We’re having a heat wave! Triple digit temperatures have become the norm across our region this month, but fear not! There are still plenty of opportunities to get out and catch some fish. As you plan your upcoming trips, here are some ideas to get you started (and a few might even help you cool off!).
Eastern Idaho (Trout)
I recently had the opportunity to fish some eastern Idaho trout streams that I hadn’t visited in over a decade. To say they were good to me is an understatement! The east side of our state is absolutely loaded with quality trout waters, including awesome opportunities to catch cutthroat and brown trout, which aren’t nearly as common in southwest Idaho.
I fished the Henrys Fork of the Snake River near Island Park, as well as one of its tributaries. Action was dynamite, as my partner and I landed over 30 nice trout, including several bruiser browns. Zipping small Rapalas through the current was our most productive strategy, and we also picked up a few fish drifting worms. If you’re a fly angler, minnow-imitating streamers would be a good bet, along with caddis and stonefly nymphs, hoppers, and any hatching dry flies. When targeting browns, keep their predatory nature in mind. Something that looks like a small fish is almost always the best lure for big browns.
Eastern Idaho is beautiful (and a bit cooler) this time of year, and there’s lots to see and do in the Island Park/Yellowstone area. I highly recommend making a weekend of it!
Owyhee Reservoir (Crappie, Bass)
Looking for an action-packed fishing trip the whole family can enjoy? Look no further than eastern Oregon’s Owyhee Reservoir. Located less than two hours from Boise, Owyhee is home to a variety of species—including an absolutely loaded crappie population.

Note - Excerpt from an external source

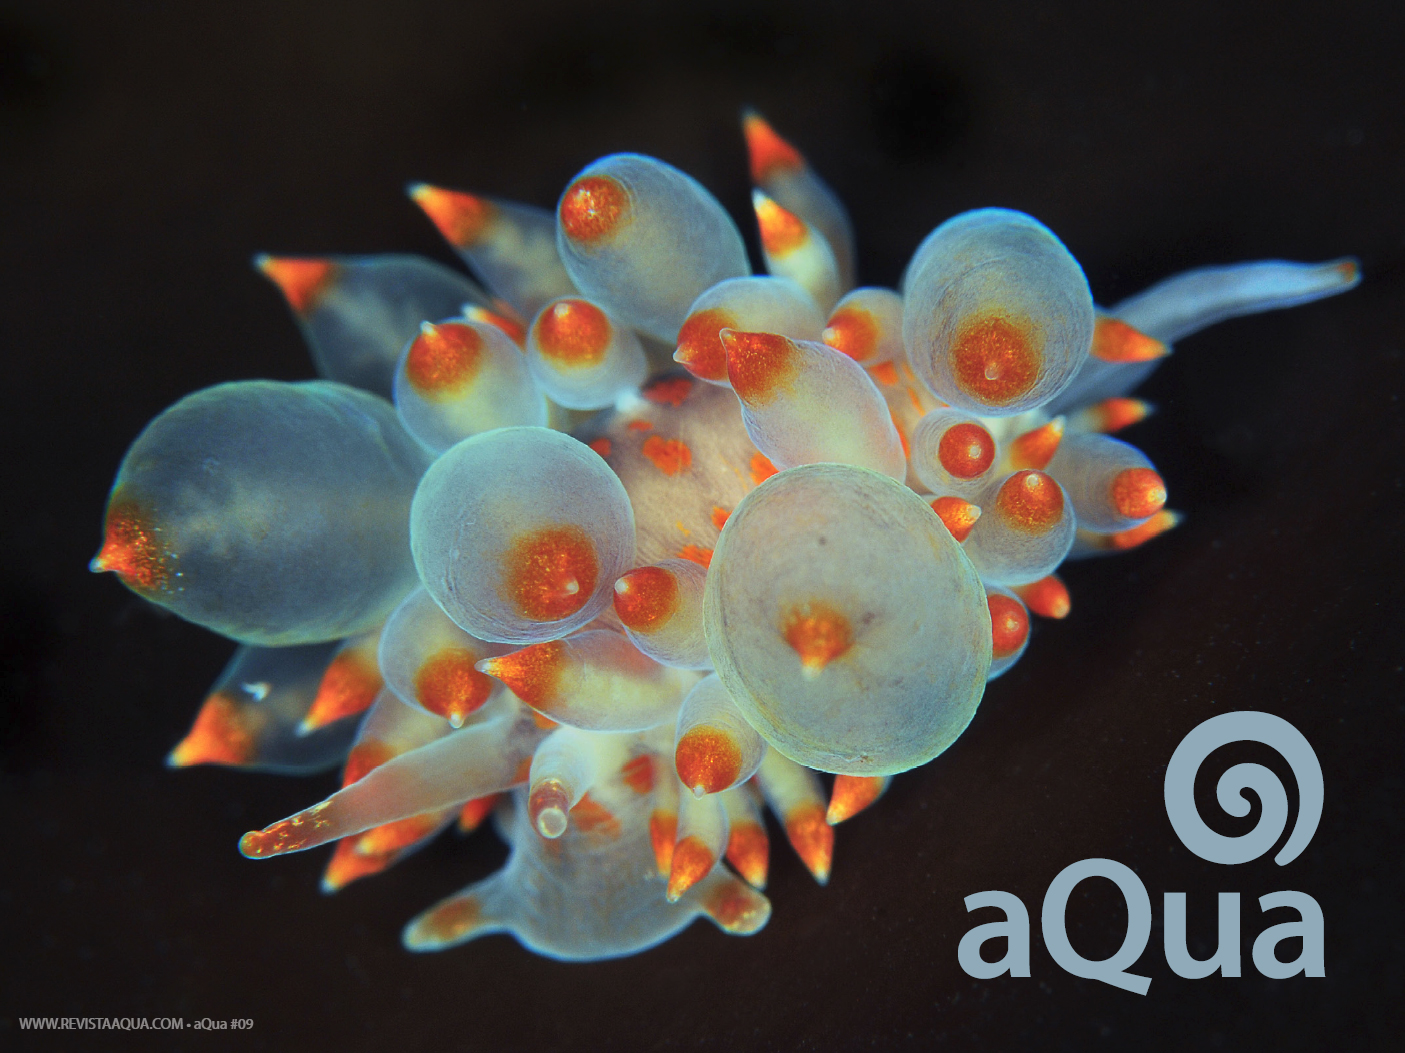 Aqua 9 Nudibranchs 00a

Crappie are a schooling fish known for having boom years and prolific populations, but they are especially thick at Owyhee right now. Just about every rocky point and shoreline has a school on it, and the fish aren’t finicky. Just about any style of panfish jig will catch fish, and if you use two jigs at a time, there’s a good chance you’ll double up on crappie. Most of the fish are 8-to-10 inches, which is a good size for the frying pan.

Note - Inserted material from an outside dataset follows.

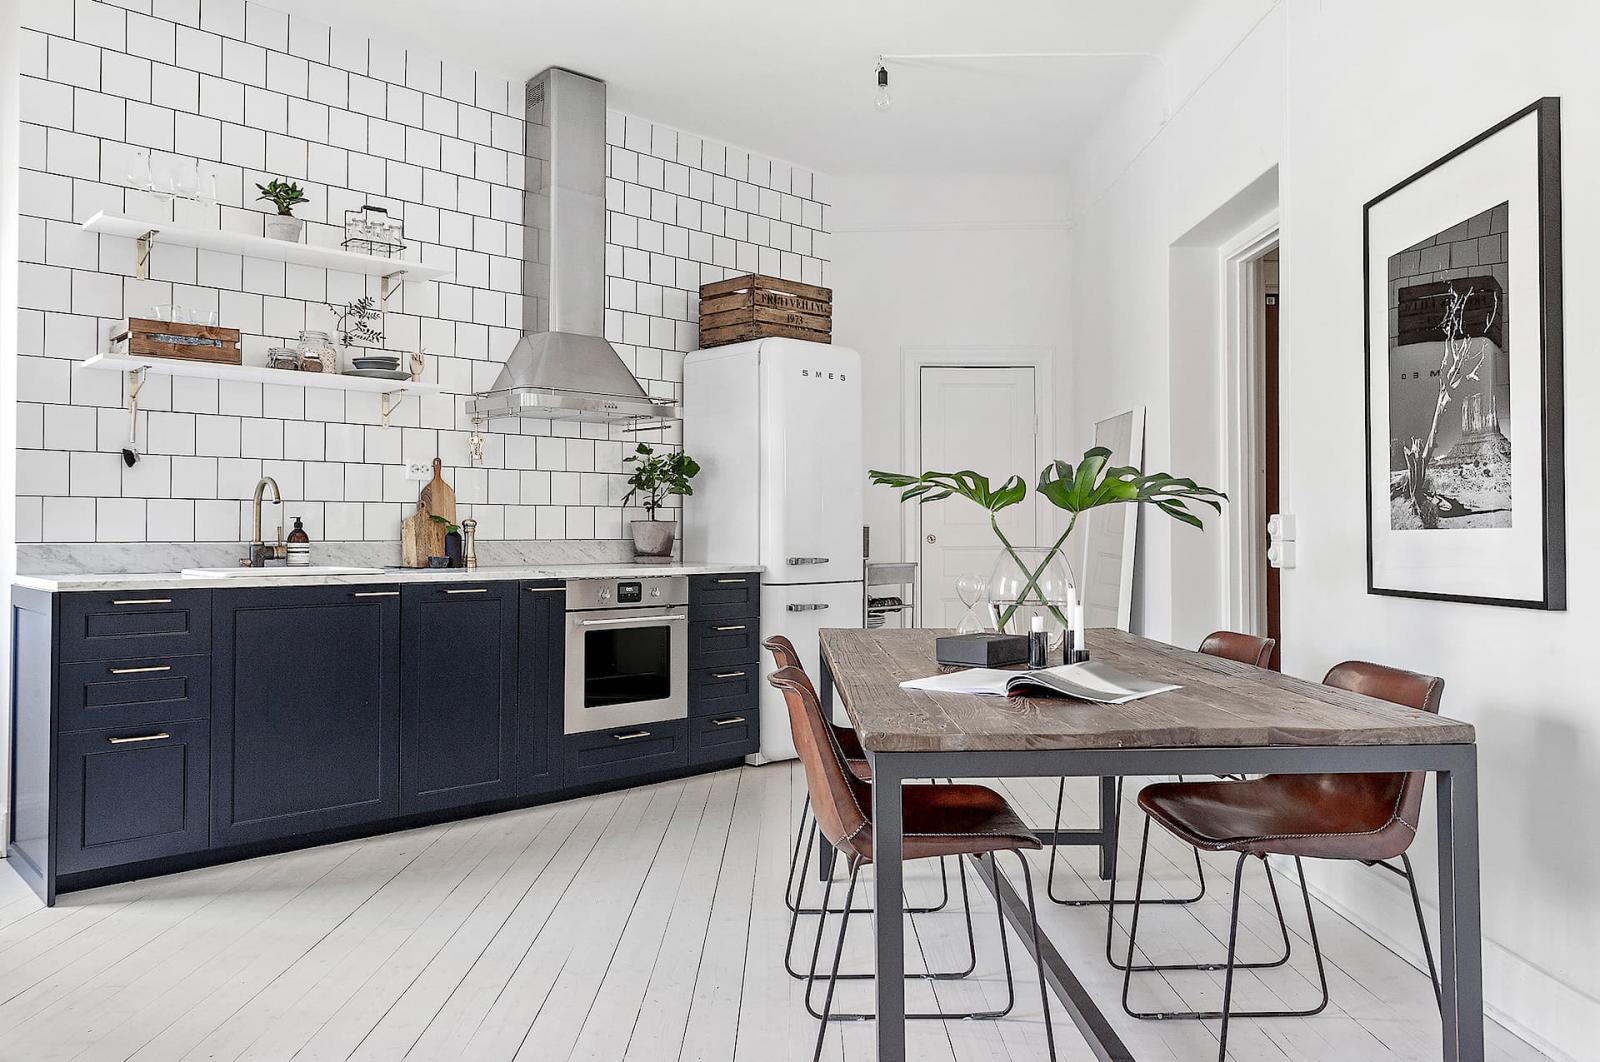 Hình ảnh toàn cảnh phòng bếp với tủ màu xanh than, tường ốp gạch trắng, máy hút mùi, tủ lạnh, bàn ăn bằng gỗ

Owyhee is also known as a trophy bass lake for both largemouth and smallmouth. They are harder to find than the crappie, but a solid effort usually yields several nice fish, and bass over five pounds are not uncommon. Be warned—even large bass lures like crankbaits, soft plastics and football-head jigs will occasionally get eaten by ravenous crappie!
Fishing Owyhee requires an Oregon license (one-day tags are available), and if you’re launching a boat, you must have proof of a completed boater safety class in either Idaho or Oregon.
Alpine Lakes (Trout)
July marks the beginning of a short window anglers have to fish Idaho’s high mountain lakes. Alpine lakes are a unique draw for many reasons. The scenery is breathtaking. Most lakes don’t get a ton of traffic. And best of all, our window of accessibility coincides with peak feeding season for the fish that call these lakes home.
Cutthroat trout are a common find in mountain lakes. Rainbow trout and brook trout inhabit many alpine fisheries, too. More exotic species are available for those willing to put in the work. Golden trout, bull trout, arctic grayling and even tiger muskies can be found deep in Idaho’s mountain wilderness.
Generally speaking, alpine trout fishing is pretty simple. Small dry flies, nymphs, grasshopper patterns, leeches and woolly worms are productive for the fly-fishing crowd. Spinners, spoons, Rapalas, jigs and bait (where legal) will catch fish on traditional gear. I recommend packing a float tube, which will give you access to the whole lake and maximize your chances of success.
Most alpine lakes are about a two-hour drive from the Treasure Valley, with the highest concentrations found in the mountains above Cascade, McCall, Stanley and Idaho City. Most trails should be accessible by now, but don’t be surprised to find snow on the ground at higher elevations. Idaho Fish and Game recently published a handy list of tips for fishing alpine lakes.
Crane Falls Lake (Bass, Panfish)
Always a reliable summertime favorite, Crane Falls has been fishing well, especially for largemouth bass and bluegill. The lake is also home to crappie, perch, pumpkinseed sunfish and rainbow trout. Crane Falls is a perfect spot to fish from a float tube, pontoon, kayak or small boat (electric motors only).
The panfish—bluegill in particular—are big fans of small jigs tipped with a chunk of mealworm or night crawler. Look for schools gathered up around weed beds in 8-to-15 feet of water (although crappie and perch will often be found a little deeper).
For bass, pocket fishing with weedless soft plastics or buzzing spinnerbaits over the top of weed beds are usually productive strategies. You can also get into a decent topwater bite early or late in the day.
Trout are less active in the heat of the summer, but they can still be caught early in the morning. Fish over deeper water with spinners, Rapalas or flies, namely woolly worm, leech and streamer patterns.